While counter provide average sleep quantum, using -v 6 allows per instance results and manual averaging "by sight".
So I'll use VHAR (AR=0.75) task with SoG flavour where more than second long spins can occur on C-60 hardware.
OS is Win7 x64.

Prev results were:
Sleep(1) can be 15ms long on C-60 - too big quantum for many kernels.
Adding -high_prec_timer makes it ~1ms long - good enough but changing system-wide multimedia timer could negatively affect whole host performance.
using nanosleep() implementation for Windows based on  waitable timer (https://gist.github.com/Youka/4153f12cf2e17a77314c) gave same ~1ms quantum (though overhead of such function call expected to be higher than Sleep(1), so no advantage here).

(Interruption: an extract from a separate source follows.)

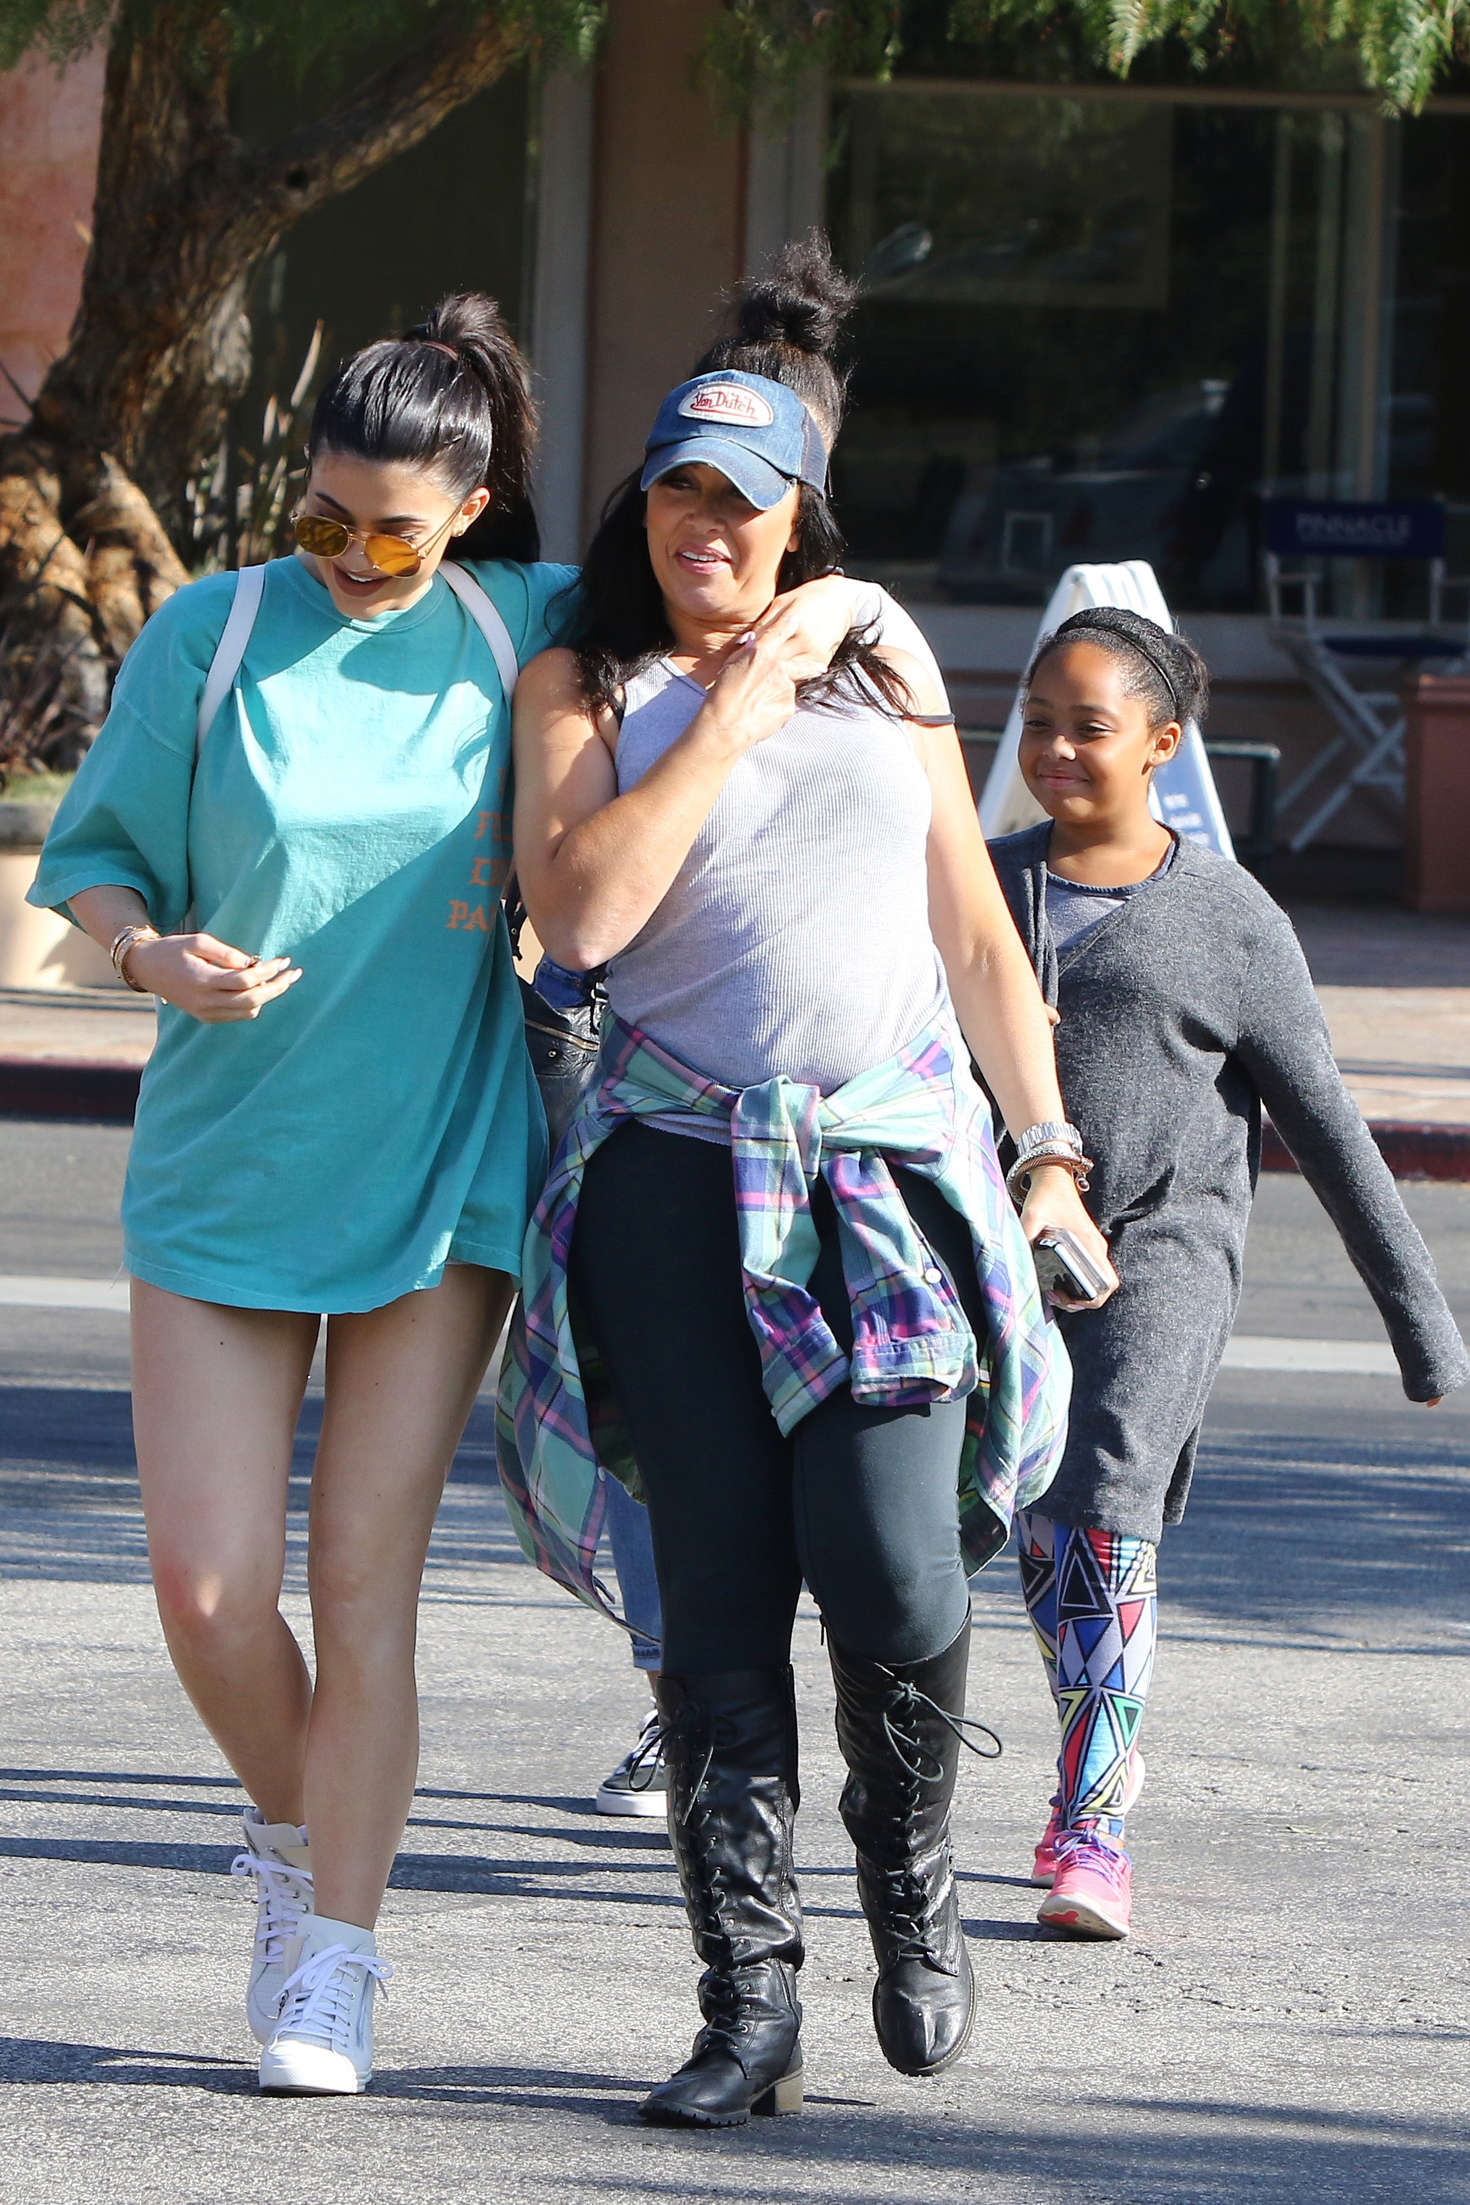 Kylie Jenner in Jeans Shorts at Bui Sushi in Malibu

Per Shaggie76 suggestion (http://setiathome.berkeley.edu/forum_thread.php?id=79954&postid=1809886) I'll explore SwitchToThread behavior in different host load modes.

For this experiment CPU freq of C-60 fixed to 1GHz even in P0 & P2 states by BrazosTweaker app.
exact tune line is: -period_iterations_num 4 -v 6 -use_sleep -high_prec_timer
« Last Edit: 17 Aug 2016, 10:10:18 am by Raistmer »

Offline Raistmer

  • Working Code Wizard
  • Volunteer Developer
  • Knight who says 'Ni!'
  • *****
  • Posts: 14349
Re: Better sleep on Windows - new round
« Reply #1 on: 17 Aug 2016, 09:29:00 am »
1. Tight loop (w/o any sleep attempts).

CPU idle:
typical sleep quantum is 9.57e-5ms, that is, ~100ns - quite low overhead inside spin-loop (and, of course, full core CPU usage).

CPU busy with MB (idle priority processes):
roughly same 100ns per loop and 100% core load by GPU app.

2. Sleep(0) inside loop.

CPU idle:
quantum size ~850ns and full CPU core consumption by GPU app.

CPU busy with MB:
quantum size ~2ms and ~2-3% CPU usage by GPU app - good mode.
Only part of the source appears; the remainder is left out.